Editor-in-chief Julie Cortez is finishing up work with PQ Monthly and El Hispanic News this month before moving to Ashland for a job with the Oregon Shakespeare Festival. Photos by Jules Garza, Izzy Ventura, Erin Rook, Melanie Davis, Christopher Alvarez, PQ Monthly
Editor-in-chief Julie Cortez is finishing up work with PQ Monthly and El Hispanic News this month before moving to Ashland for a job with the Oregon Shakespeare Festival. Photos by Jules Garza, Izzy Ventura, Erin Rook, Melanie Davis, Christopher Alvarez, PQ Monthly

I stare blankly at a blank page and blinking cursor. A handful of lyrics to Boyz II Men’s “It’s So Hard to Say Goodbye to Yesterday” are doing laps in my brain. (Note to self: Think of a cooler song and claim that was what was running through your head when you write this down. And please resist the urge to make a “Hitchhiker’s Guide to the Galaxy” reference in your headline. No need to go full nerd in your farewell address.)
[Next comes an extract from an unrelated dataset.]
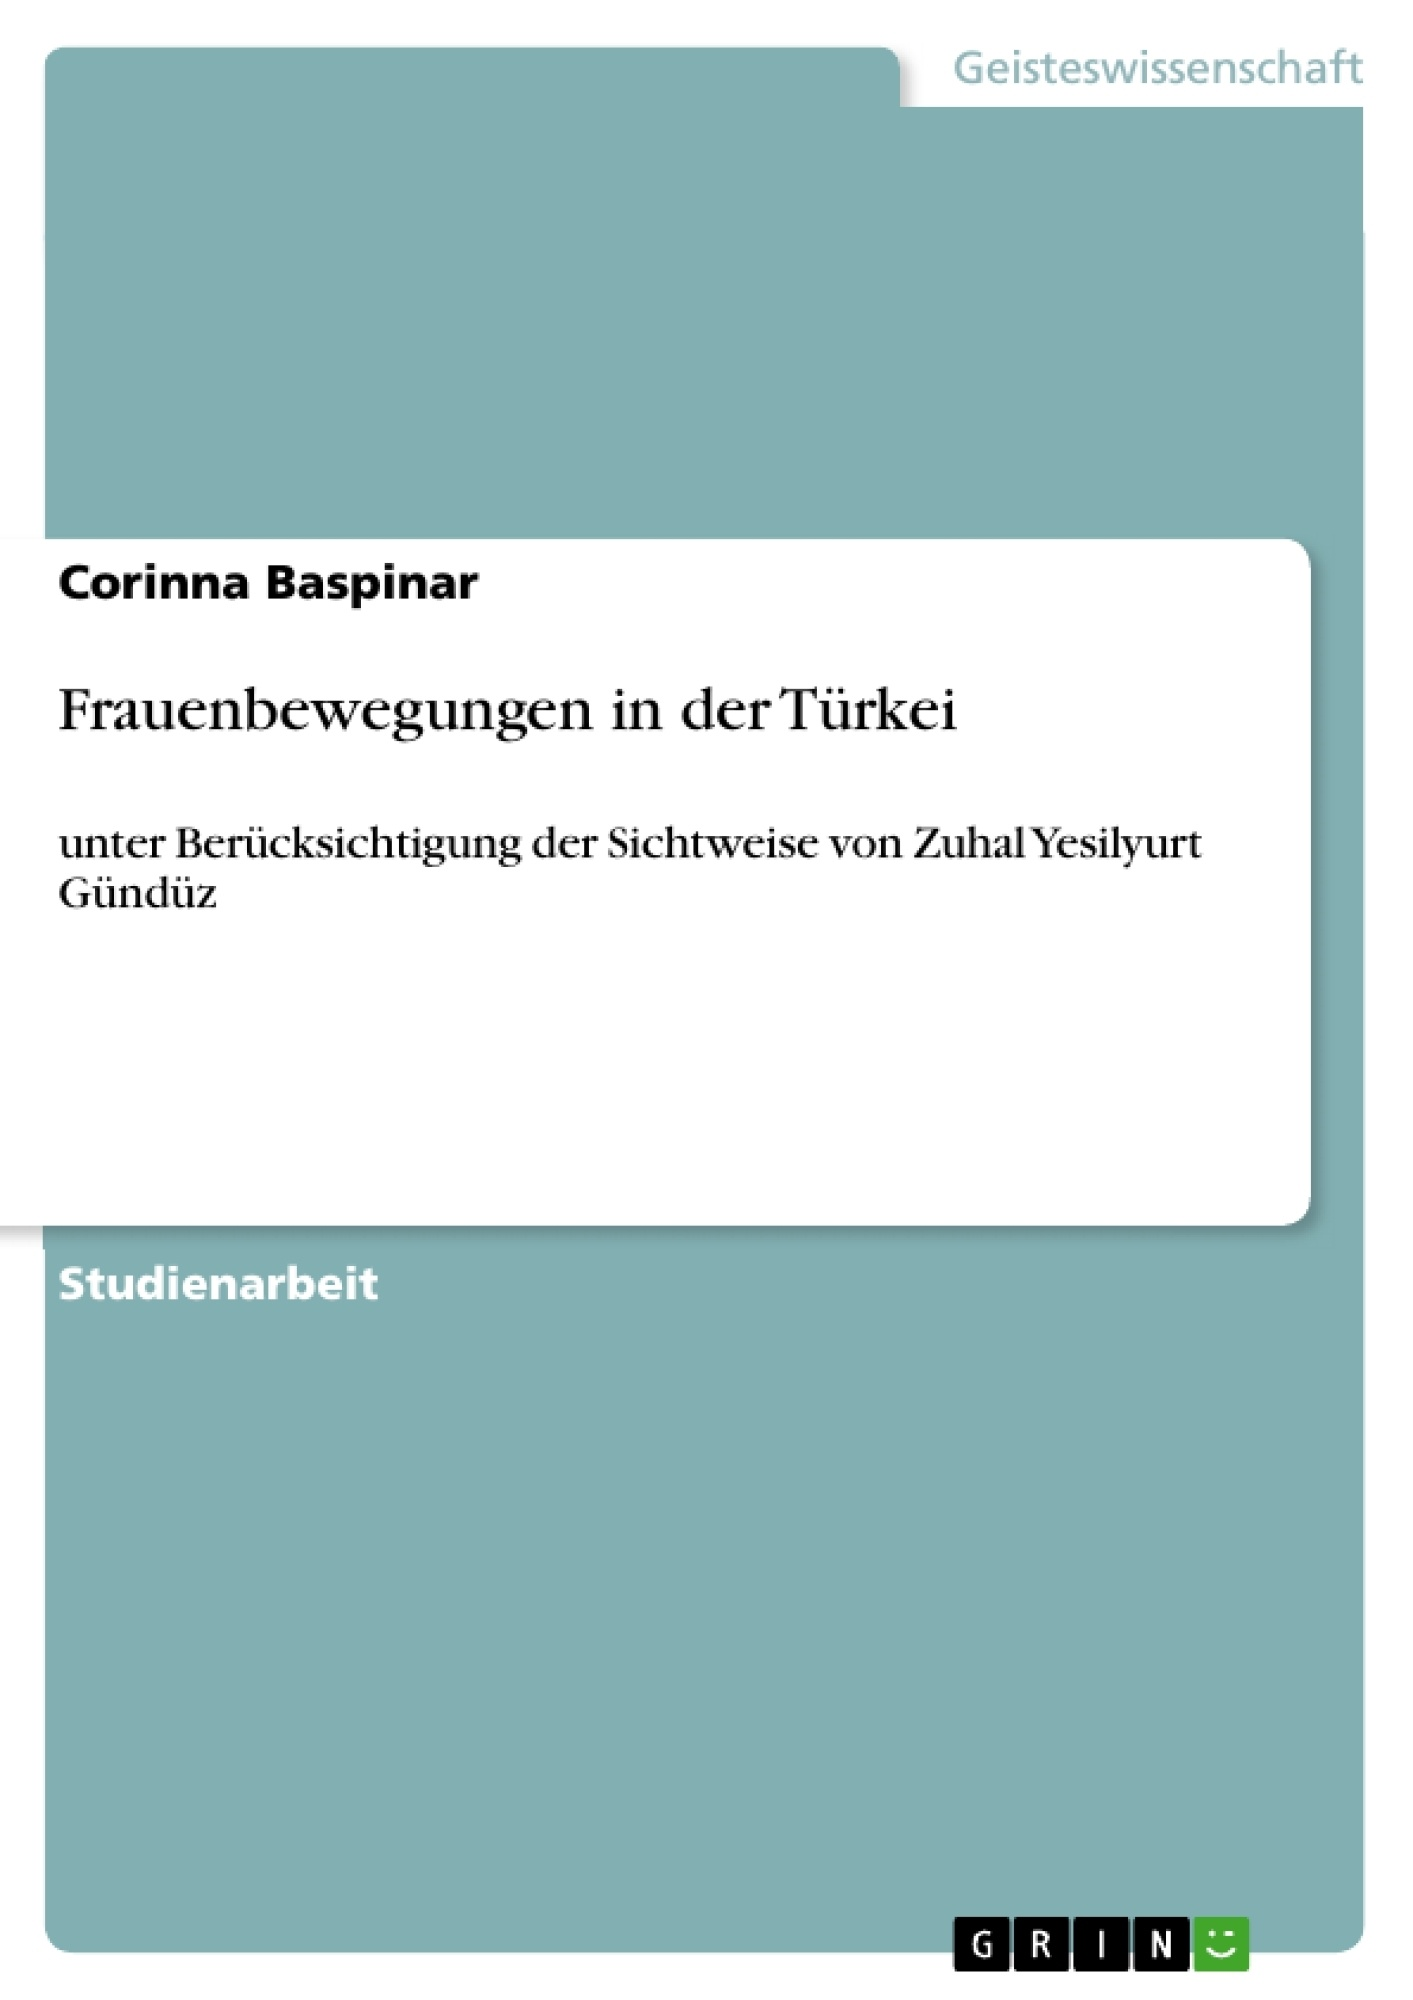 Titel: Frauenbewegungen in der Türkei

Oops. Oh well, I’ve never been very good at not being me. I often admonish myself for laughing too loudly and smiling too widely, for telling too many dirty jokes, for eating and drinking with a bit too much gusto, for continuously outing myself as a know-it-all, and for my tendency to dress like I’m prepared for a day of housecleaning and light jogging. Tone it down and class it up, lady. No one makes passes at girls who crack jokes about bodily gasses.

I’ve gotten better at embracing my inevitable me-ness as I’ve aged (notice I didn’t say “matured”), but one personality trait I’ve been struggling mightily with lately is my resistance to change and complication. I’d totally marry my great loves Stability and Comfort if I weren’t so deathly afraid of the complexities polyandry would bring to my life.

Yet, here I am, about to pick up and move to a new town and a new job (Ashland, the Oregon Shakespeare Festival) after 16 years in Portland, nearly 13 years with El Hispanic News, and almost two with PQ Monthly. When our owner/publisher Melanie Davis came to me with the idea of launching a second paper, I resisted that change, too, but boy am I glad she didn’t take my “hell no” to heart. My consciousness and my circle of friends have expanded at a dizzying pace, and I’m certain a little time and distance will only further reveal to me just how ridiculously enriched my life has been by these last two years.

To our community: thank you for your passion, resilience, and willingness to educate and embrace me. To my PQ family: thank you for sharing your talent and your dedication, and for your warmth and support during trying times. I love you.